I was first introduced to this trope in the cartoons of the early 90’s, but since then I’ve seen it in a number of old movies as well. Even if you can’t cite a specific example, you’re familiar with the scene: an avalanche strands someone under the snow, survival looks bleak. Suddenly, a Saint Bernard comes huffing and puffing through the snow with a small barrel secured to his collar. Inside, the victim finds some lifesaving brandy, sure to warm him up and curb the pain until rescue arrives thereafter.
Yeah, you guessed it. This is a bad idea too.

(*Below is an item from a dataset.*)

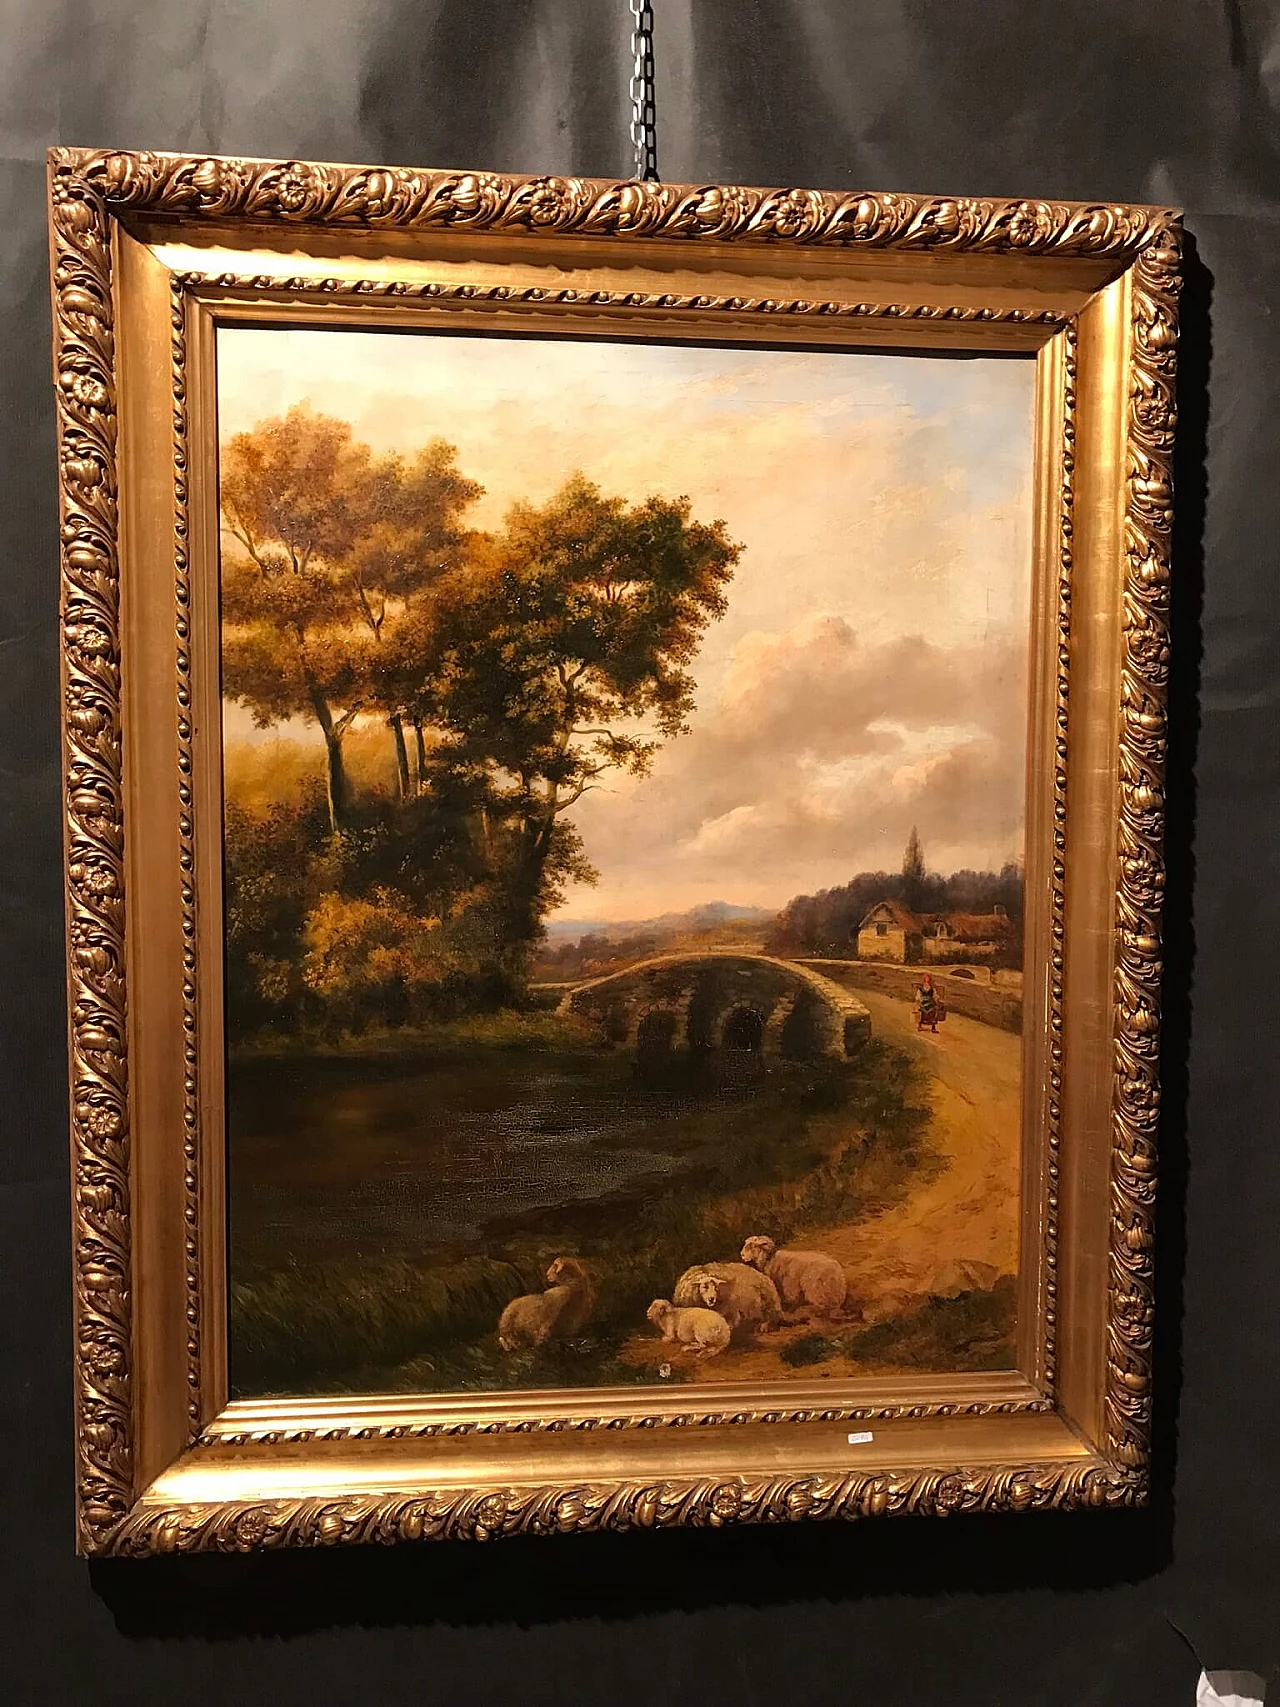 Oil painting on canvas with bucolic landscape, '800 1175902

You may have noticed that having a drink or two makes you feel a bit warmer, and might even make your face flush a bit, so you could be excused for thinking that the booze was actually warming you up, but it actually serves to do the opposite.
“[Alcohol] causes the blood vessels in your skin to dilate, shunting blood from your core to your periphery,” explained Ted Simon, a neuroscientist and board-certified toxicologist who serves as an expert witness in drug and alcohol cases. “Your body temperature isn’t actually changing; you’re just redistributing the heat.”
Your body naturally restricts blood flow to your extremities and your skin’s surface when you’re cold in order to keep the important stuff, like your vital organs, functioning. Having a few drinks in the cold, however, makes your body work sort of like the radiator on your truck, pumping the warm blood up to the surface of your skin, making you feel warm and look flush, but actually exposing more blood to reduced temperatures and helping to usher in hypothermia.
Myth #3: Using a defibrillator to restart a heart.
This may be among the most pervasive of medical myths that can be found anywhere in Hollywood: the magical defibrillator. You know the scene: doctors are scrambling to treat a patient with the telltale beeps of the heart monitor echoing over them until the worst happens, and the beep transitions into a steady single note, indicating that the patient’s heart has stopped.
The doctor turns to his nurse and shouts, “paddles!” They roll the magic death-beating machine into the room, he places the two paddles on the patient’s chest and (again) shouts, “clear!” He proceeds to use the defibrillator to literally shock the patient’s heart back to life, beating back death’s cold grip and rescuing another patient from the afterlife.
You guessed it. Defibrillators don’t work that way. In actuality, defibrillators are specialized pieces of equipment intended to stop a heart when it’s beating erratically due to specific kinds of heart failure. In effect, as a heart begins to fail, cells in the heart will attempt to keep it pumping using an electrical current of their own, but these beats prove to be erratic and uneven. Doctors will use a defibrillator to shock the heart into ceasing an erratic beat like you might hit the reset button on your computer when it’s on the fritz – but that’s very different than using the charge to restart a heart, which can actually be done with drugs.
On the website for AED, a company that makes defibrillators, they explain what doctors actually do when a patient’s heart stops:
“When a person’s heart stops in a hospital and goes into the long beeeeeeeeeeeep noise, doctors will be rushing chaotically, but instead of grabbing paddles—they will be switching off chest compressions (CPR) to keep blood flowing to vital organs and trying to quickly solve the underlying problem of why the heart has stopped.” They write.
“Beyond that, medical professionals must administer drugs into the patient’s circulation to stimulate the electrical activity of the heart to start up again. If doctors can’t get the heart to restart in a reasonable amount of time, the patient will likely suffer so much brain damage that it’s more reasonable to stop efforts and let them go.”